Dans l’agglomération lausannoise, nombreuses sont les luttes de locataires et habitants qui protestent contre la dégradation de leur cadre de vie, la hausse des loyers et les expulsions. Pourtant, elles demeurent souvent dispersées et isolées. Un ouvrage qui vient de paraître – rédigé par un collectif d’auteur·e·s, dont certains sont directement engagés dans ces mobilisations – offre un tour d’horizon des luttes en cours, tout en proposant un ensemble cohérent de revendications qui puisse fédérer celles et ceux qui cherchent une réponse sociale à la crise du logement.

Qu’y a-t-il de commun entre la résiliation de 50 baux d’appartement dans un bâtiment historique à Druey (quartier de la Pontaise), la construction d’une tour de dix-neuf étages à Bussigny ou des projets de densification par rehaussement d’immeubles dans les quartiers des Bergières et de Montelly ? A chaque fois, ces opérations sont portées par des investisseurs dont l’unique objectif est d’accroître la rentabilité des terrains et immeubles en leur possession. A chaque fois aussi, ces projets menacent les habitants de quartiers populaires qui sont confrontés à des hausses draconiennes de loyer, voire à une expulsion en vue d’une relocation à un prix beaucoup plus élevé.

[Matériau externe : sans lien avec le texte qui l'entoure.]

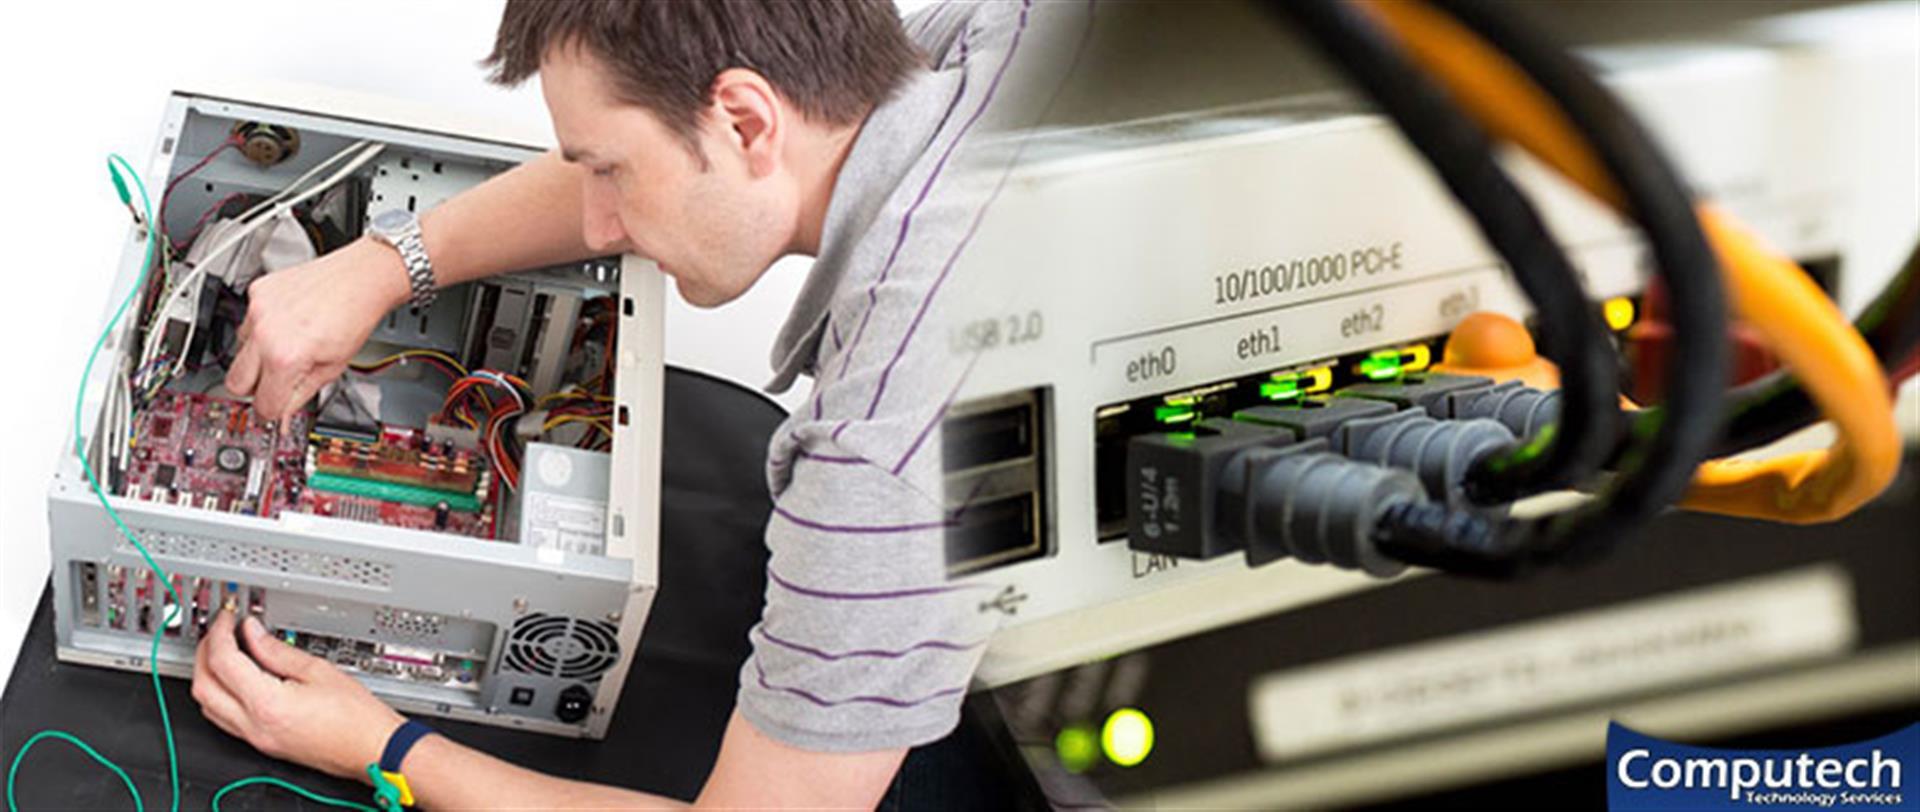 Vinton Virginia On Site PC & Printer Repair, Networks, Voice & Data Cabling Solutions

L’ouvrage analyse en détail les étapes de ces mobilisations et leurs modalités juridiques et politiques. Même si leur issue demeure indécise, elles sont exemplaires parce que la pénurie favorise trop souvent la passivité de locataires qui ont peur de perdre leur logement s’ils protestent contre le diktat des bailleurs. Ces derniers exploitent sans scrupule ce rapport de forces. A Druey, les locataires, parmi lesquels de nombreuses familles et personnes âgées, occuperaient à eux seuls la moitié des logements vacants à Lausanne, dont les loyers sont largement au-dessus de ceux qu’ils paient aujourd’hui ; cette situation n’a pas empêché le propriétaire de résilier l’ensemble des baux concernés. Aux Bergières, l’assureur Swiss Life, qui a concocté un projet de rehaussement d’immeuble en négociant directement avec la Municipalité dans le dos des habitants, a essayé d’interdire par voie d’affichage toute réunion des locataires dans l’immeuble.

Les promoteurs n’hésitent pas non plus à invoquer le « développement durable » et à stigmatiser l’« égoïsme » des habitants pour justifier des projets de densification. L’ouvrage déconstruit ces arguments, montrant que les locataires ont toutes les raisons de se mobiliser contre ces projets qui offrent souvent un prétexte pour expulser les locataires, afin de relouer beaucoup plus cher : « si la densification du tissu urbain suisse est nécessaire en tant que telle pour des raisons écologiques et paysagères, nous refusons qu’elle se traduise par une dégradation de la qualité de vie en ville et par la destruction de logements à loyers raisonnables au profit de logements trop chers. »

Perspectives

Malgré les obstacles auxquels doivent faire face les habitants, l’ouvrage montre que la mobilisation collective contraint les investisseurs à reculer et à négocier. Forts de ce constat, les auteurs appellent à étendre les mobilisations et à les coordonner à plus large échelle.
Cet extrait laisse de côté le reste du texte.